** Opening Data extract block **

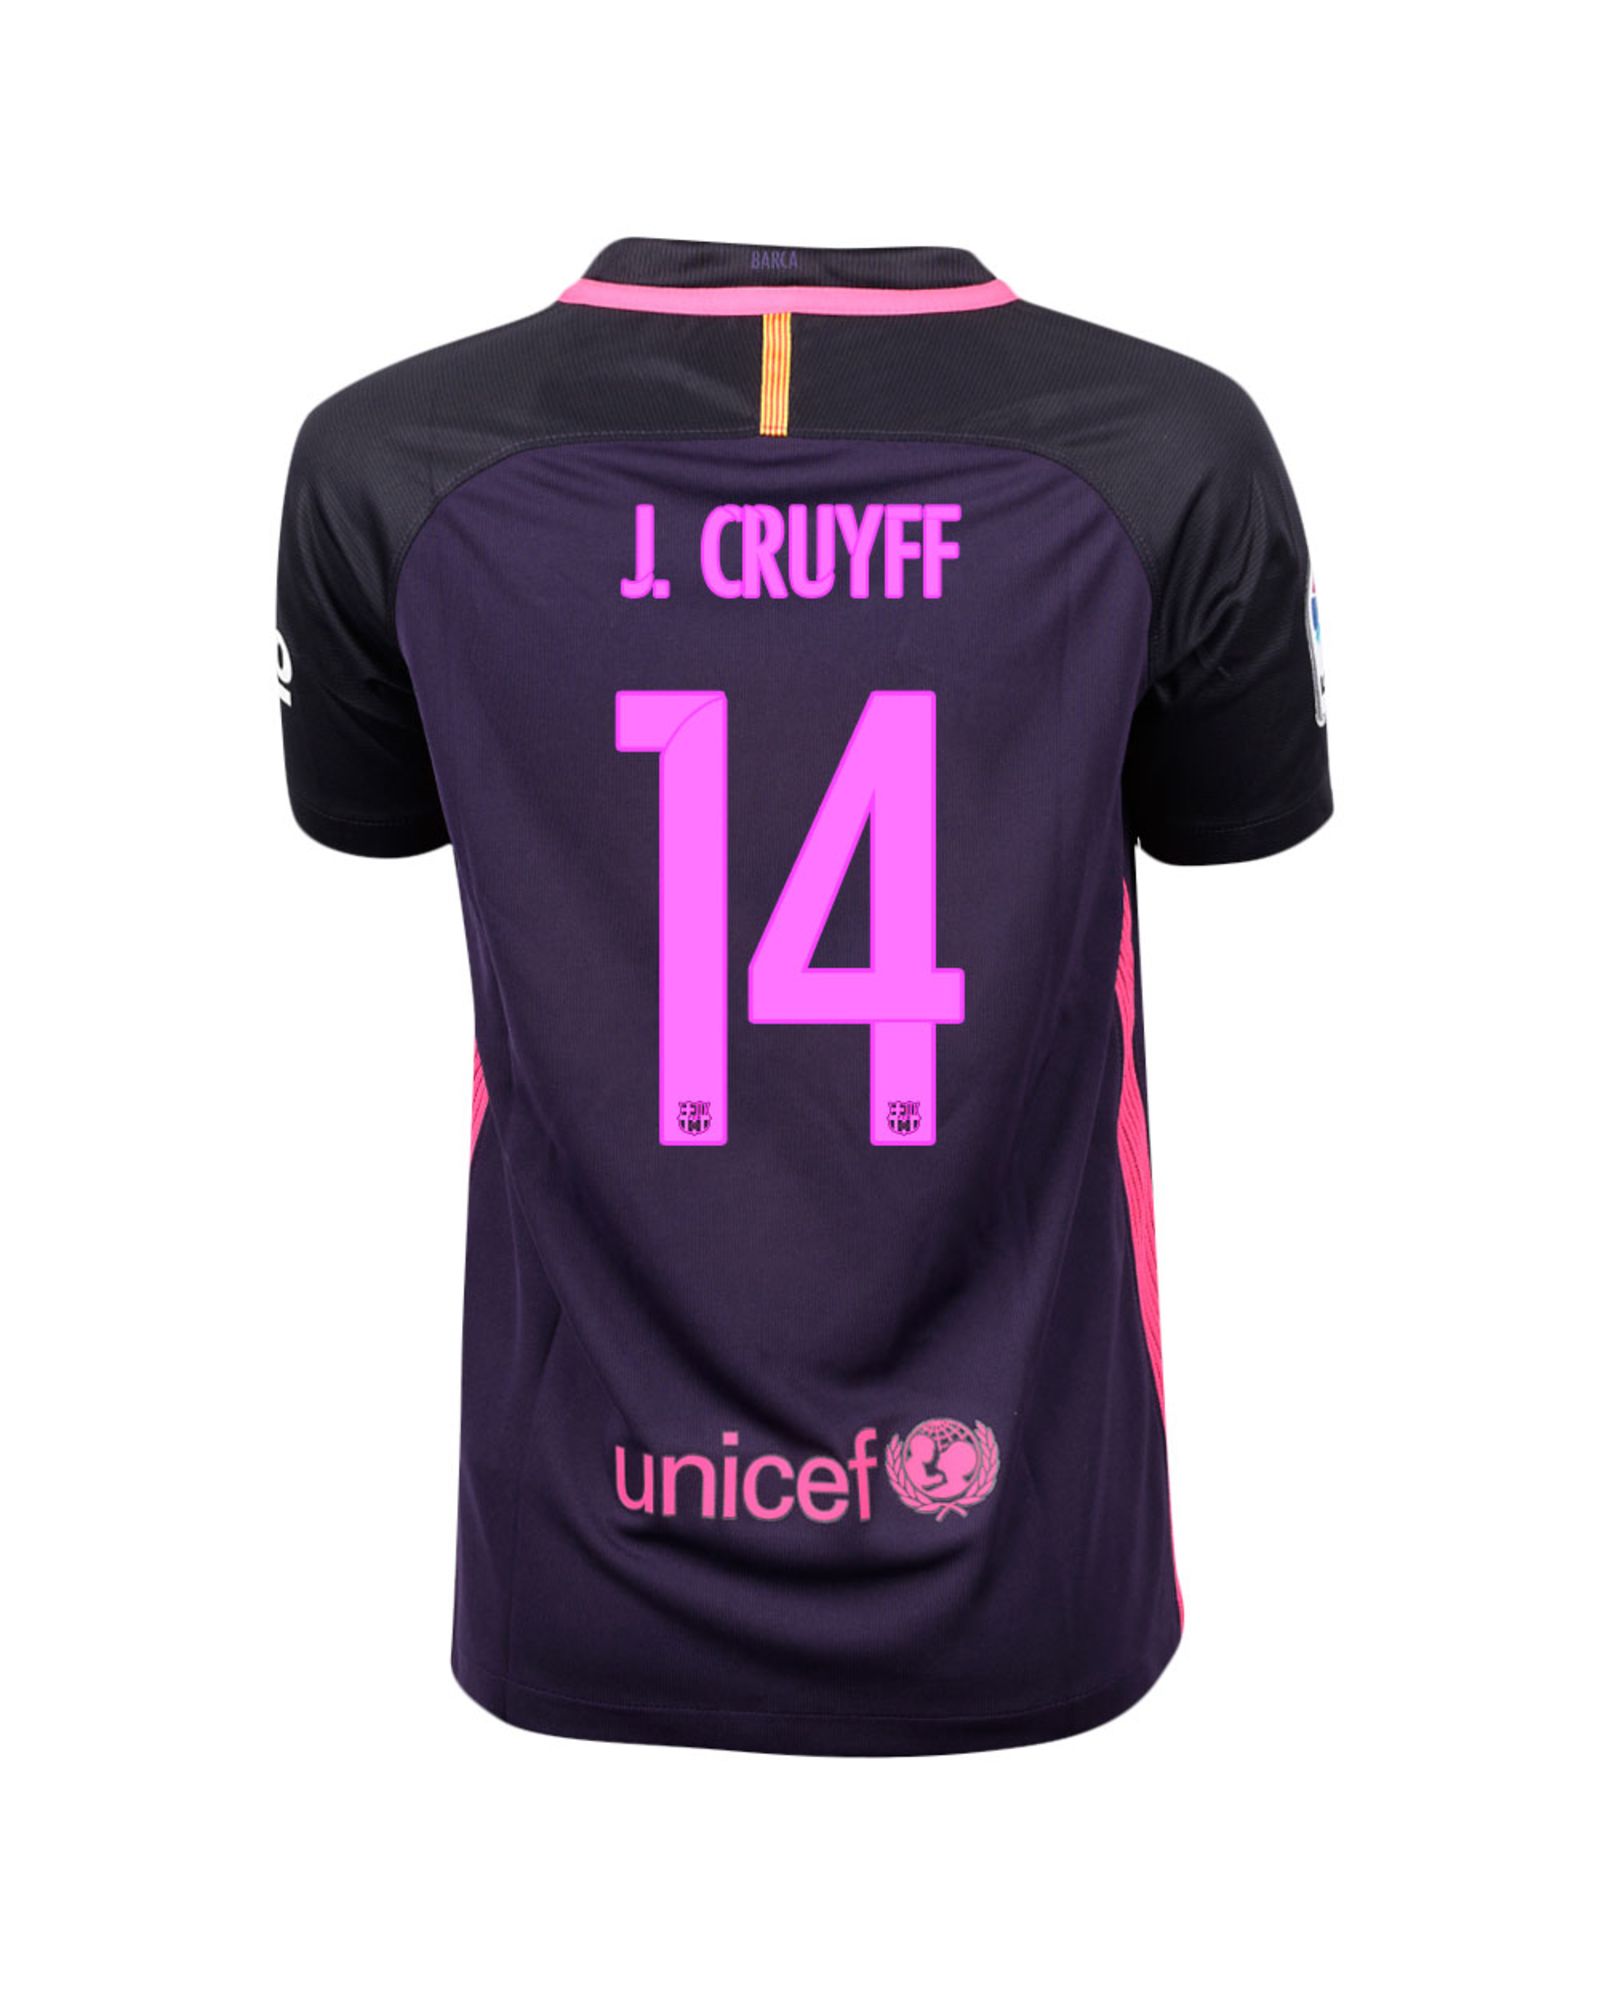 Camiseta 2ª FC Barcelona 2016/2017 Cruyff Stadium Junior - Fútbol Factory
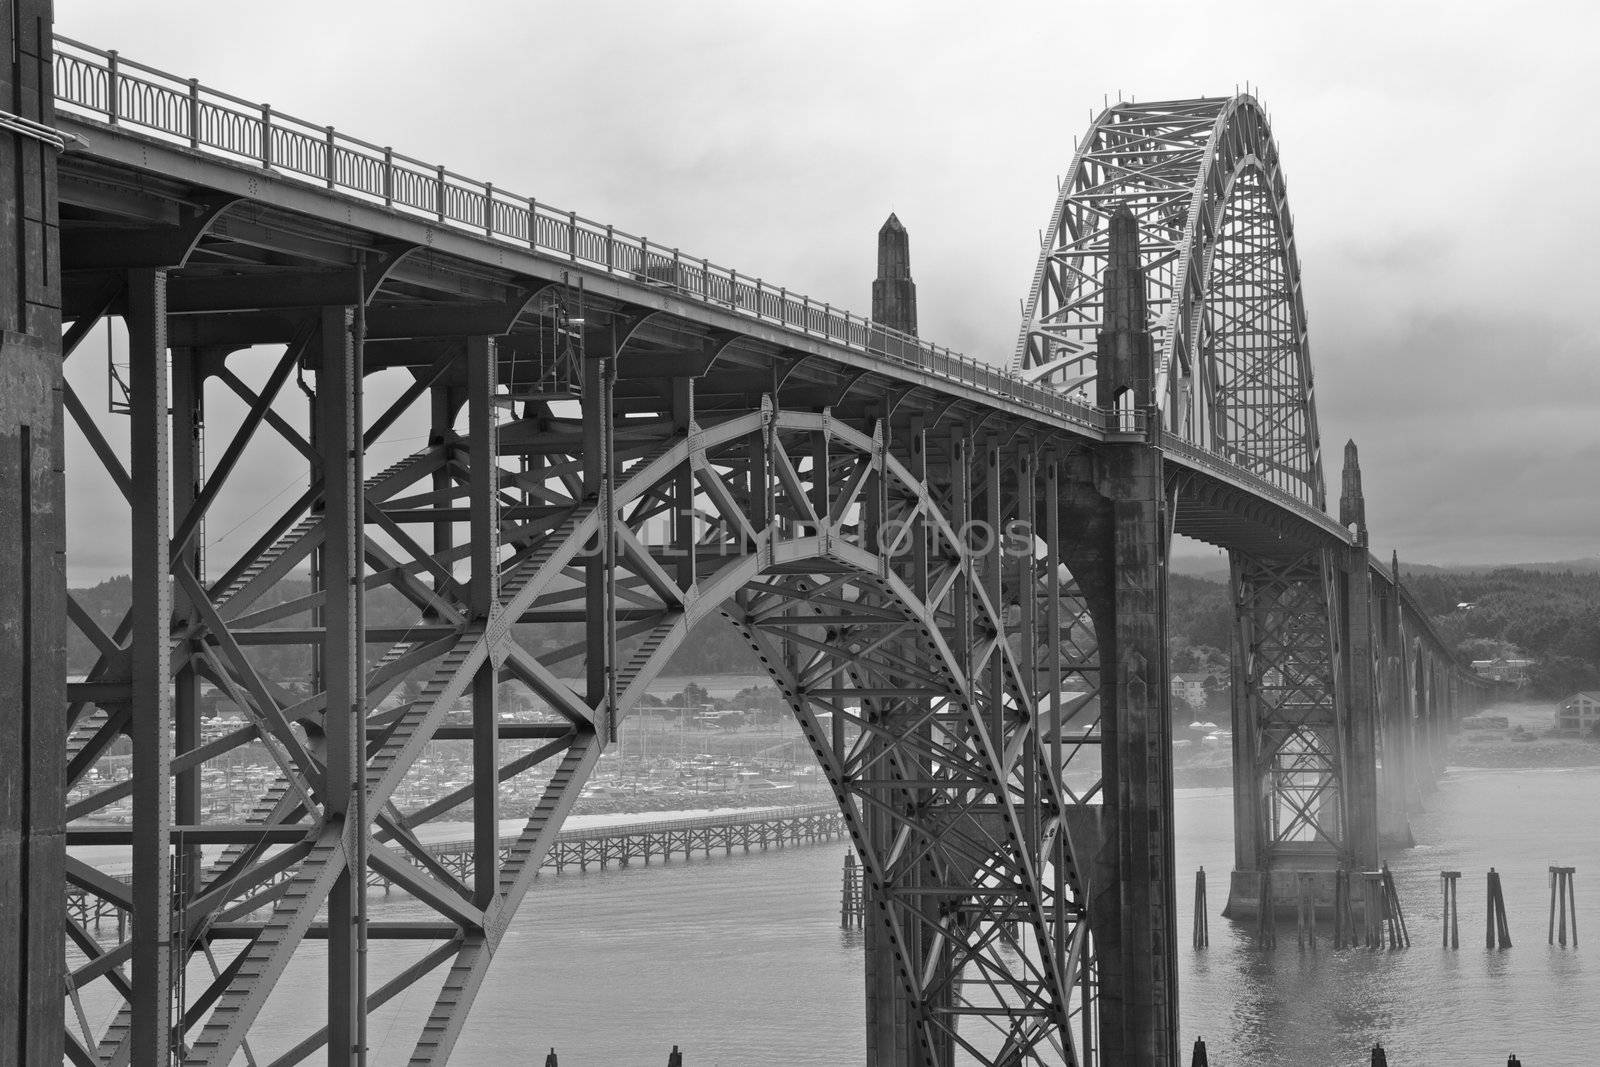 Misty bridge dark HDR ocean side black and white by bobkeenan
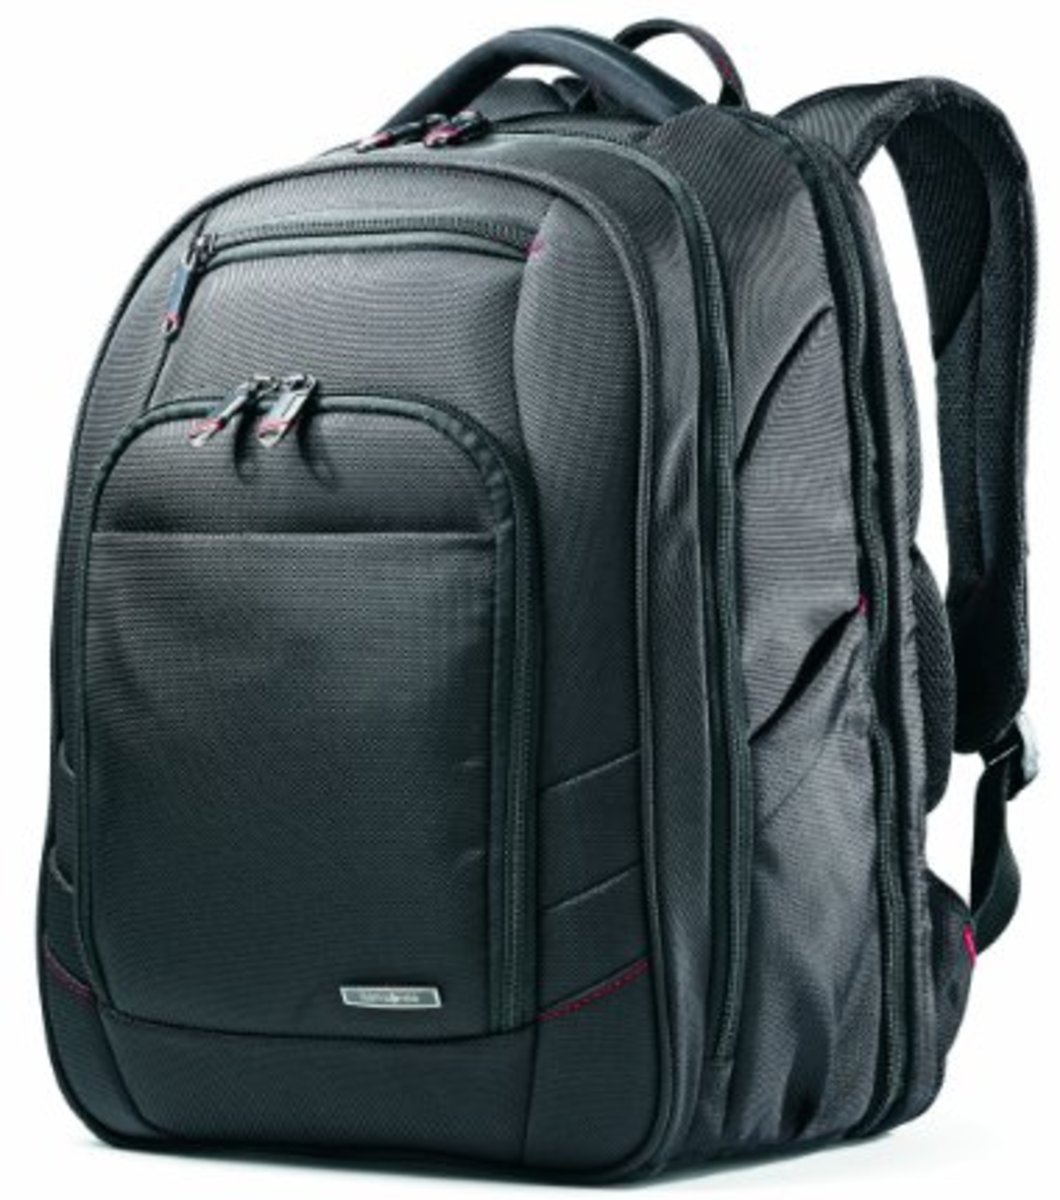 Interesting Landscape Trout Backpack 17 Inch Laptop Bags School Computer Bag

** Closing Data extract block **

* [What to do] Could you reproduce the listing above word for word while leaving out its pictures?

* [Response area]
 Camiseta 2ª FC Barcelona 2016/2017 Cruyff Stadium Junior - Fútbol Factory
 Misty bridge dark HDR ocean side black and white by bobkeenan
 Interesting Landscape Trout Backpack 17 Inch Laptop Bags School Computer Bag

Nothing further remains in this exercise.